Feds to allow hunters to cross borders with guns


The Obama administration will stop blocking hunters from traveling internationally with their guns amid mounting congressional pressure.

U.S. Customs and Border Protection (CBP) in February began enforcing controversial export regulations that essentially prevented hunters from taking their guns and ammunition back and forth across the border. 

After hunters protested, Sen. John Hoeven (R-N.D.) demanded this week that the agency withdraw the controversial policy during a meeting with Customs chief R. Gil Kerlikowske. House lawmakers also met with Kerlikowske about the matter.

Hoeven, chairman of the Senate Homeland Security Appropriations Committee, which controls funding for Customs, said it is “not appropriate” for the agency to stand in the way of hunters exercising their Second Amendment rights.

Customs is withdrawing the controversial policy effective immediately.

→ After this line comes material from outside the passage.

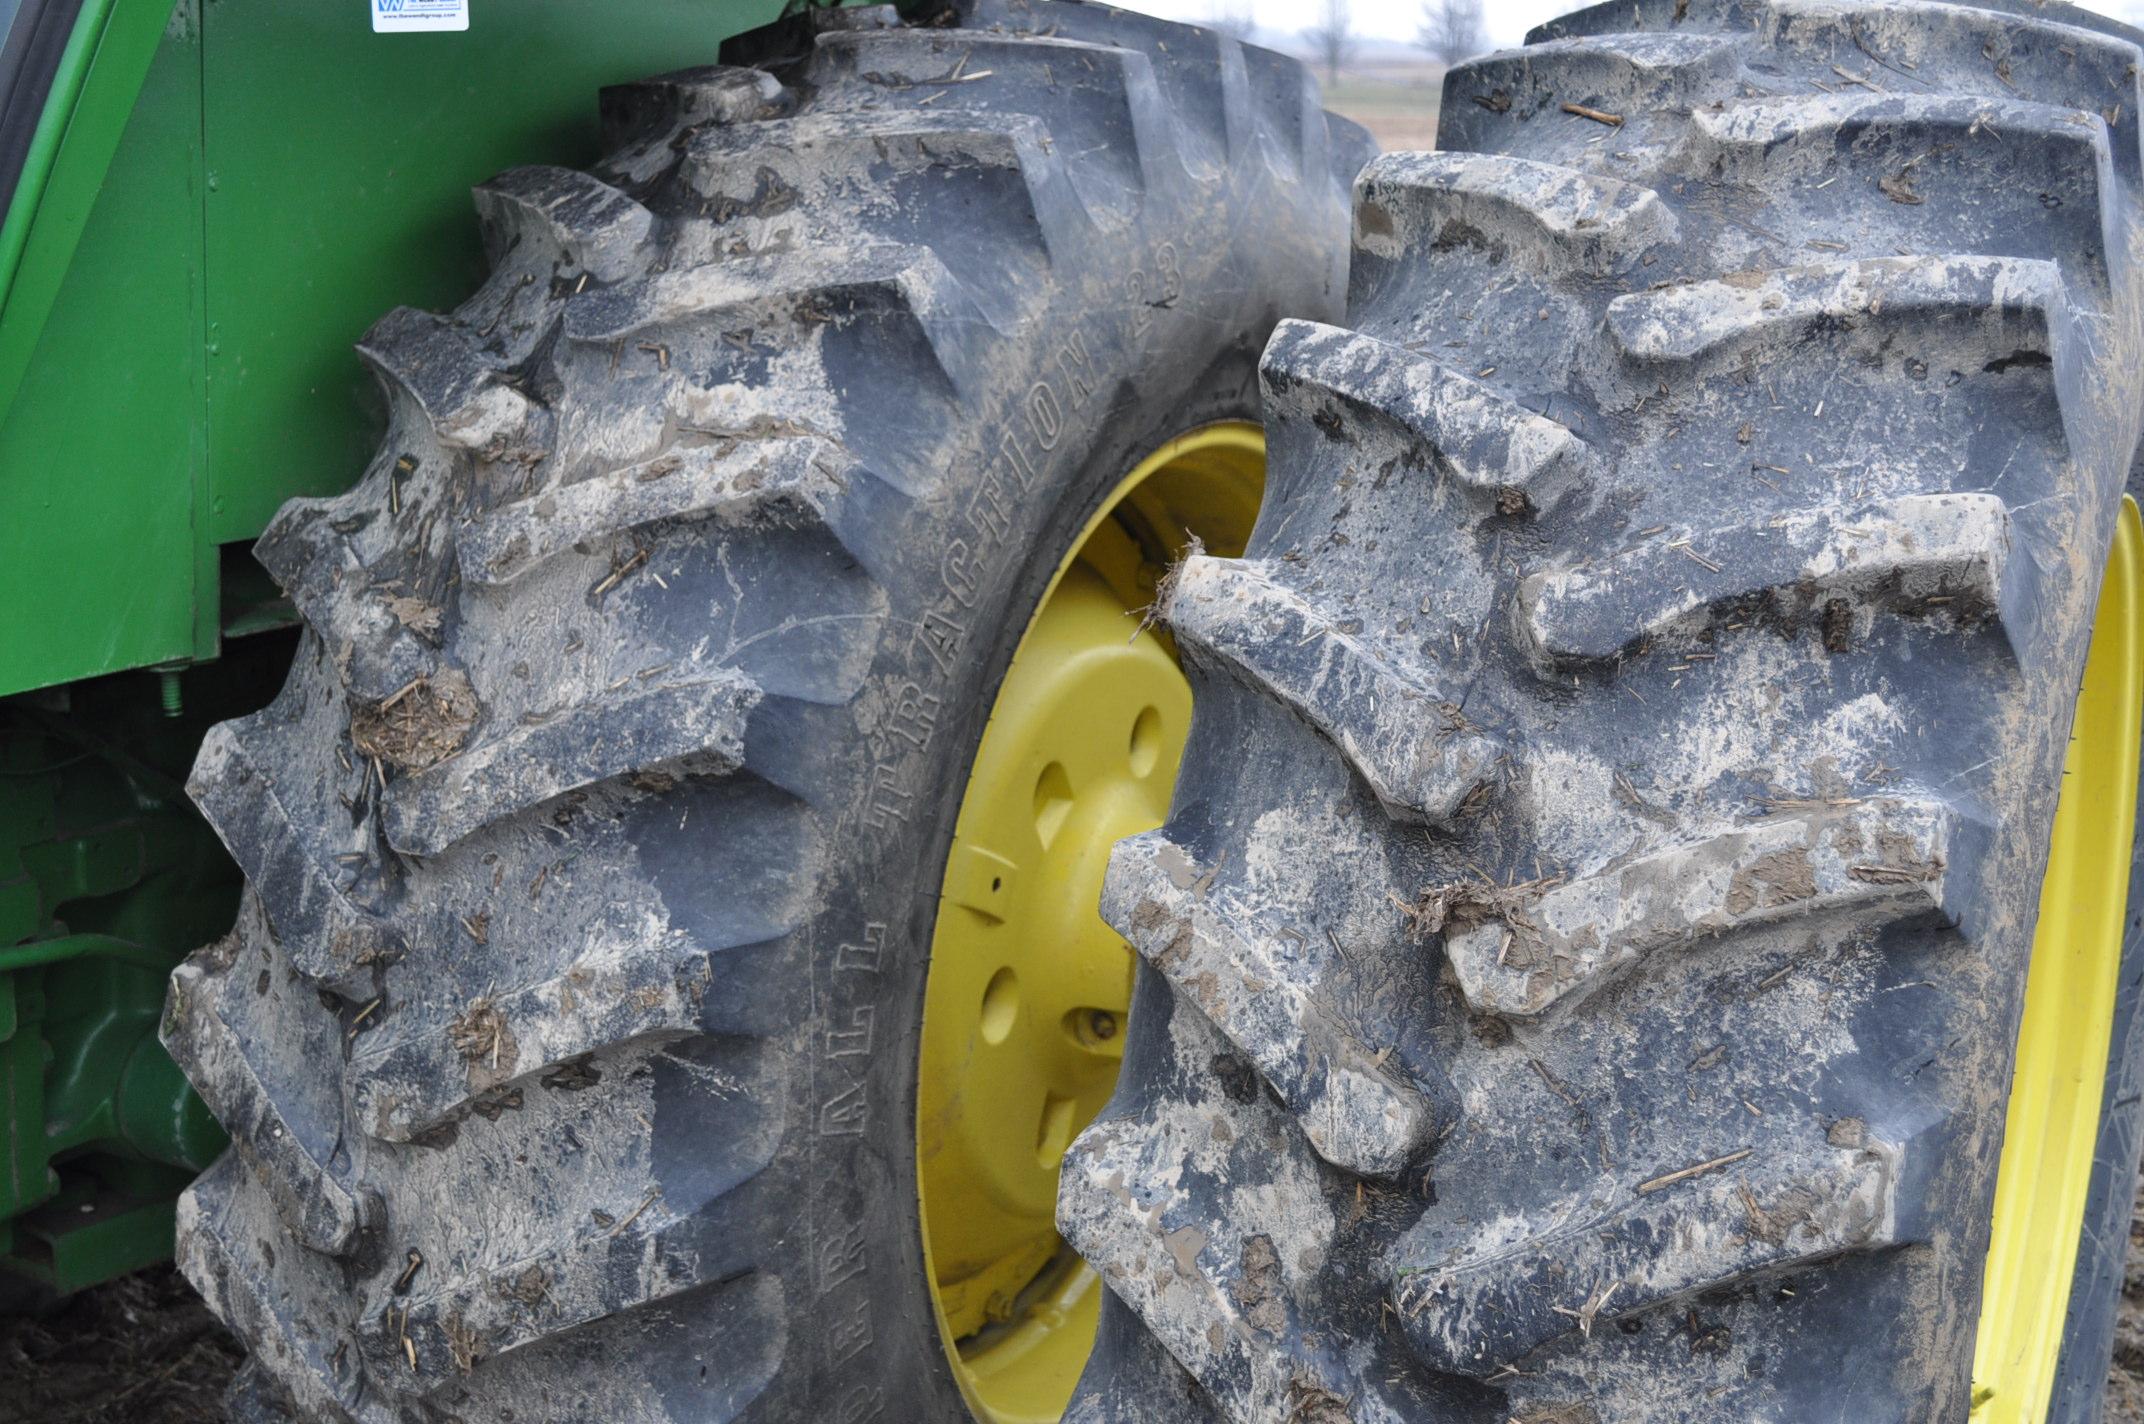 John Deere 4630 tractor, diesel, 20.8-38 hub duals, 14L-16 front, CHA, Quad range, 2 hyd remotes, - Image 6 of 22

“Until the chairman brought this up with me, I actually was unaware of the new protocol,” Kerlikowske told lawmakers Thursday.

“It made no sense to me to continue down this path, and by this afternoon we will be changing our website and our information,” he added.

Kerlikowske was testifying before a House appropriations subcommittee hearing Thursday when Rep. Chris Stewart (R-Utah) said the policy makes it “almost impossible” for hunters to travel internationally with their guns.

“The Second Amendment is something that’s really quite important to me, as it is for millions of Americans,” Stewart said at the hearing. “I’m distressed at times by what I believe is an attempt by this administration to suppress, or to make more difficult, Second Amendment rights for Americans.”

At issue were export regulations that Customs began applying to hunters in February.

Under the rules, hunters were required to register with the IRS as a business so they could provide Customs with an employer identification number used to track their guns.

However, the IRS refused to register the hunters because they were not legitimate businesses, in what has turned into a bureaucratic nightmare for many sportsmen, according to Hoeven’s office.

Customers should “recognize the difference between a commercial exporter and a sportsman traveling on a hunting trip to Canada or another country,” Hoeven said.

“Hunters should not have to register as a business with the IRS in order to bring their weapons and ammunition on international hunting trips,” he added.

Hunters will now be required to fill out a paper form, but they will no longer have to provide an employer identification number.

—This story was updated at 2:30 p.m.